I think most of us in the past thought shell shock meant that a person had been shocked by a large explosion. Today, we understand that “shell shock” is PostTraumatic Stress Disorder (PTSD), a mental health condition caused by extremely stressful or terrifying events. War veterans are often severely traumatized for the rest of their lives.
In our research we discovered that many veterans suffered from addictions. Men were often supplied amphetamines so that they would not require as much sleep or food. These drugs also gave them the strength, stamina and ability to rush headlong into battle without fear. To calm the men down after a stressful period, they were given alcohol to wash away the horrors of war. The walking wounded developed addictions to opioids like morphine to ease their physical pains.
By the end of the war, these men were living with a combination of PTSD, drug withdrawal or addiction, alcoholism –with little or no help from the country they served. Some managed to cope while others couldn’t lead normal lives; many committed suicide.
In Mike’s family, his father James McGrath and uncle Patrick McGrath served in the Second World War. James was wounded in the Canadian-led Battle of the Scheldt in Belgium. During that same battle his brother Patrick was killed. Mike never knew his dad, who suffered from “shell shock”. He never recovered from the trauma of war and spent his life in and out of prison. In the late 1970s, James was killed by Ontario Provincial Police officers during a confrontation.
My Mohawk family came through Patty, Mike’s sister who married into the Bradley family. I grew close to the family
and the patriarch, John Bradley Sr. He was a veteran of the D-Day landings in June 1944 and fought in the most terrible battles. He survived but when he returned to Canada he was not treated with the same dignity and honour that was given to non-Native veterans. Nonetheless, he fought against racism to rise up and enjoy a rewarding career while raising a wonderful family.
Chatting with my friend Paul Lemieux recently, I learned that his father, John F. Lemieux, was a mechanic for the Royal Canadian Air Force 406 Squadron during the Second World War. He had to deal with the loss of many young fighter pilot friends who never returned from their missions. It helped me realize that even those who didn’t see active combat still faced the horrors of war.
I pay tribute to all our veterans on Remembrance Day. The greatest remembrance for me is that war is not waged for the reasons we are told – our young people are used as expendable fodder to serve the interests of the wealthy and powerful.

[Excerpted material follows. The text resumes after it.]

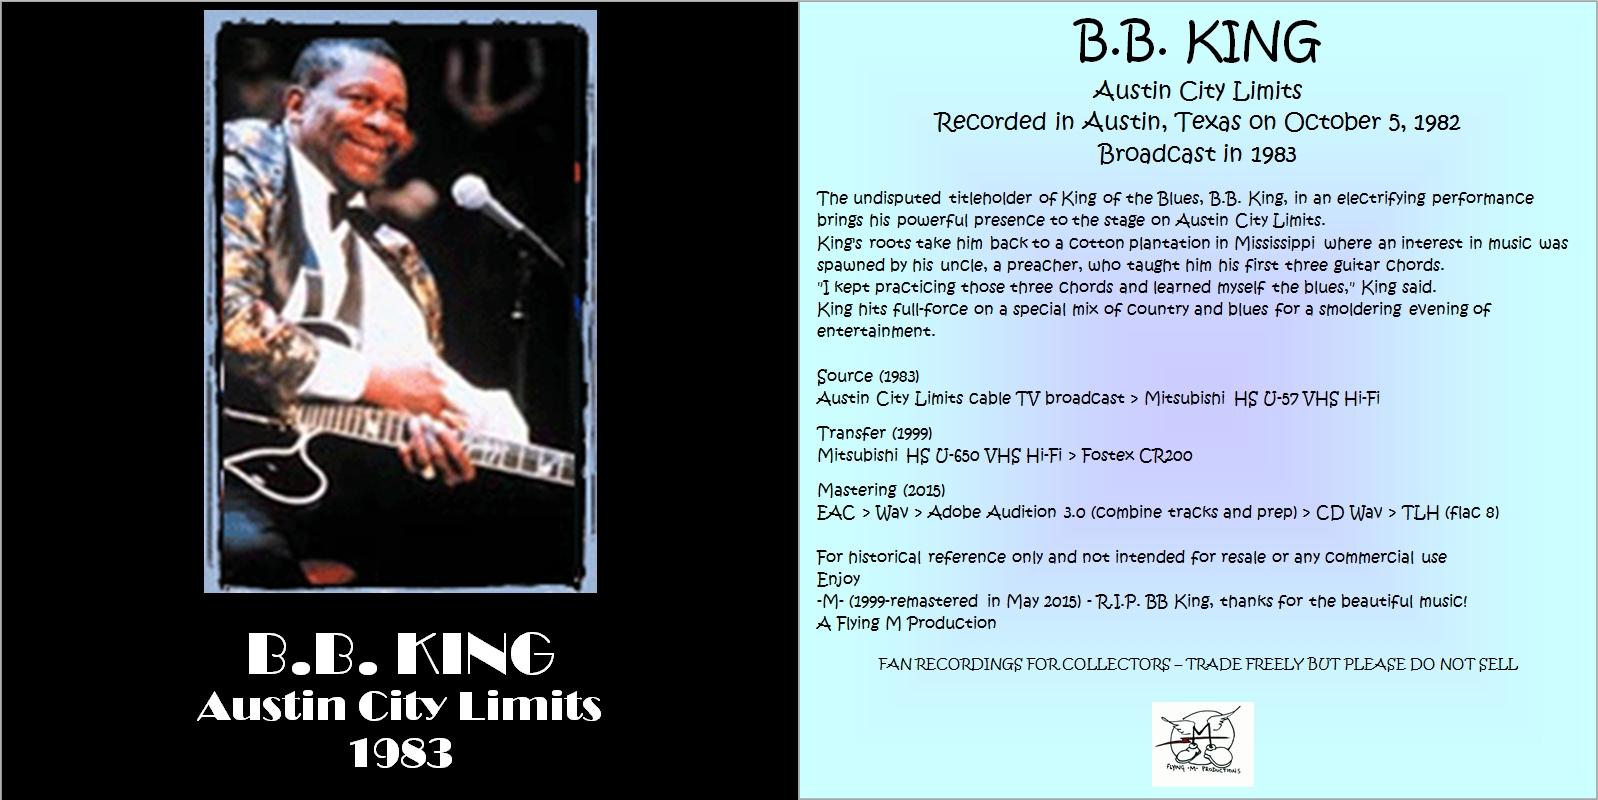 BBKing1982-10-05AustinCityLimitsTX1.JPG

This continues today in conflicts around the world, as in the Middle East and Ukraine. We owe it to veterans to question every conflict and work towards peaceful solutions. The war machine is brutal – a recent example are the efforts to discredit journalist David Pugliese of the Ottawa Citizen. He was accused of being a Russian spy by former Conservative Immigration Minister Chris Alexander. Journalists like Pugliese who question war face pushback by government and media corporations. If we do not allow journalists to be critical and question conflict, we are only served propaganda and that does not bode well for democracy.
I will honour the memory of our veterans by always questioning war and encouraging our governments to negotiate rather than kill and destroy.